Саша Черный жил очень тихо, ковырялся у себя в крошечном саду, радовался горячему шелесту пиний, когда с моря, должно быть из Корсики, налетал ровный ветер.

Однажды кто-то из небрежных, вернее, преступных людей бросил, закурив, непогашенную спичку, и тотчас лес около городка выдохнул дым и пламя.

Саша Черный первым бросился гасить этот пожар. За ним бросилось все население городка.

Пожар остановили, но Саша Черный через несколько часов умер в маленькой больнице этого городка от сердечного потрясения.

…Мне трудно писать о Бабеле.

Прошло много лет со времени моего знакомства с ним на Среднем Фонтане, но до сих пор он мне кажется, как и при первой встрече, человеком слишком сложным, все видящим и все понимающим.

Это обстоятельство всегда стесняло меня при встречах с ним. Я чувствовал себя мальчишкой, побаивался его смеющихся глаз и его убийственных насмешек. Только раз в жизни я решился дать, ему «на оценку» свою ненапечатанную вещь — повесть «Пыль земли фарсистанской».

По милости Бабеля мне пришлось писать эту повесть дважды, так как он потерял ее единственный экземпляр. (Еще с тех давних пор у меня осталась привычка, окончив книгу, уничтожать черновики и оставлять себе один экземпляр, переписанный на машинке.
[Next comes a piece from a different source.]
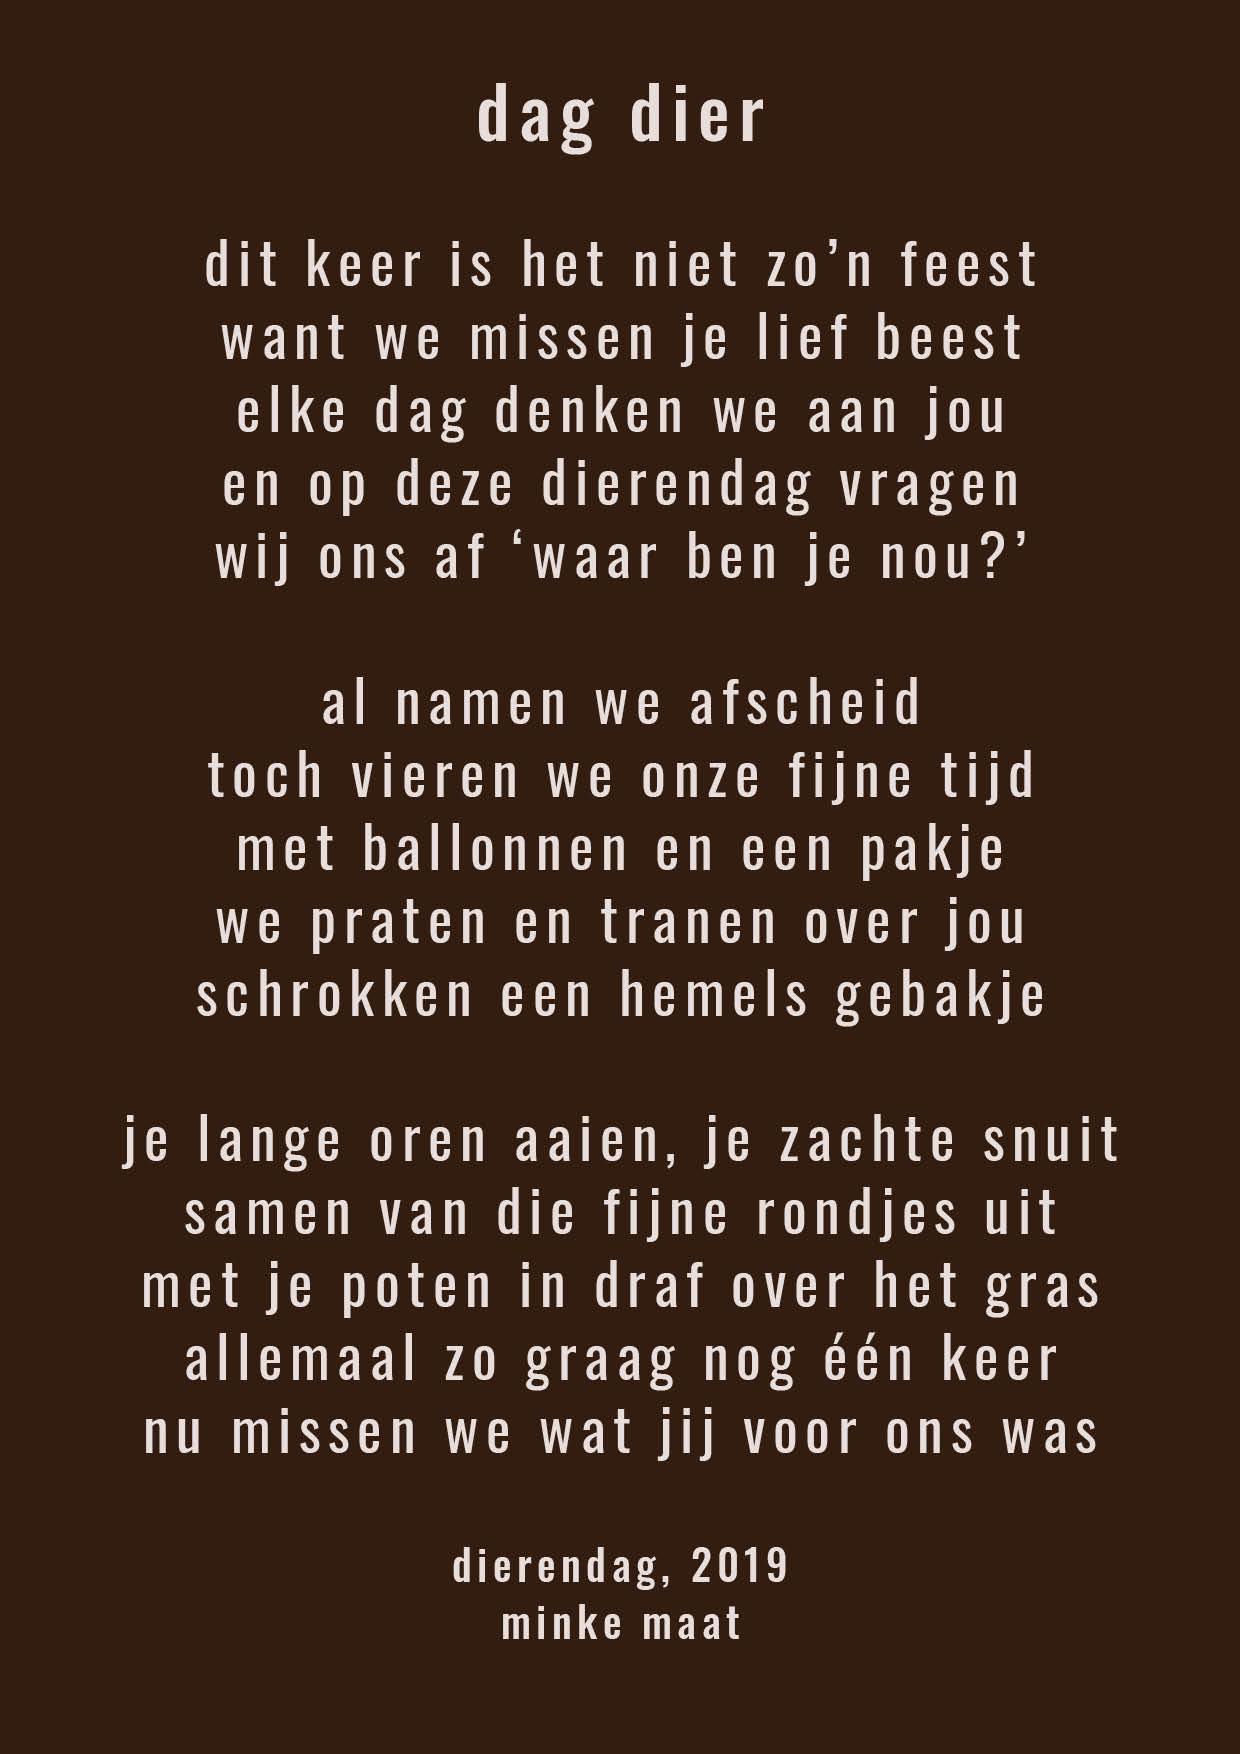 Gedicht Archieven Minke Maat Woord Beeld

Только тогда ко мне приходило чувство, что книга действительно окончена, — блаженное чувство, длившееся, к сожалению, не дольше нескольких часов.)

Я с отчаянием начал писать эту повесть второй раз с самого начала. Когда я ее дописал (это была тяжкая и неблагодарная работа), то почти в тот же день Бабель рукопись нашел.

Он принес ее мне, но держал себя не как обвиняемый, а как обвинитель. Он сказал, что единственное достоинство этой повести — это то, что написана она со сдержанной страстью. Но тут же он показал мне куски, полные восточных красок, «рахат-лукума», как он выразился. И тут же изругал меня за ошибку в цитате из Есенина.

— От многих слов Есенина болит сердце, — сказал он сердито. — Нельзя так беззаботно относиться к словам поэта, если вы считаете себя прозаиком.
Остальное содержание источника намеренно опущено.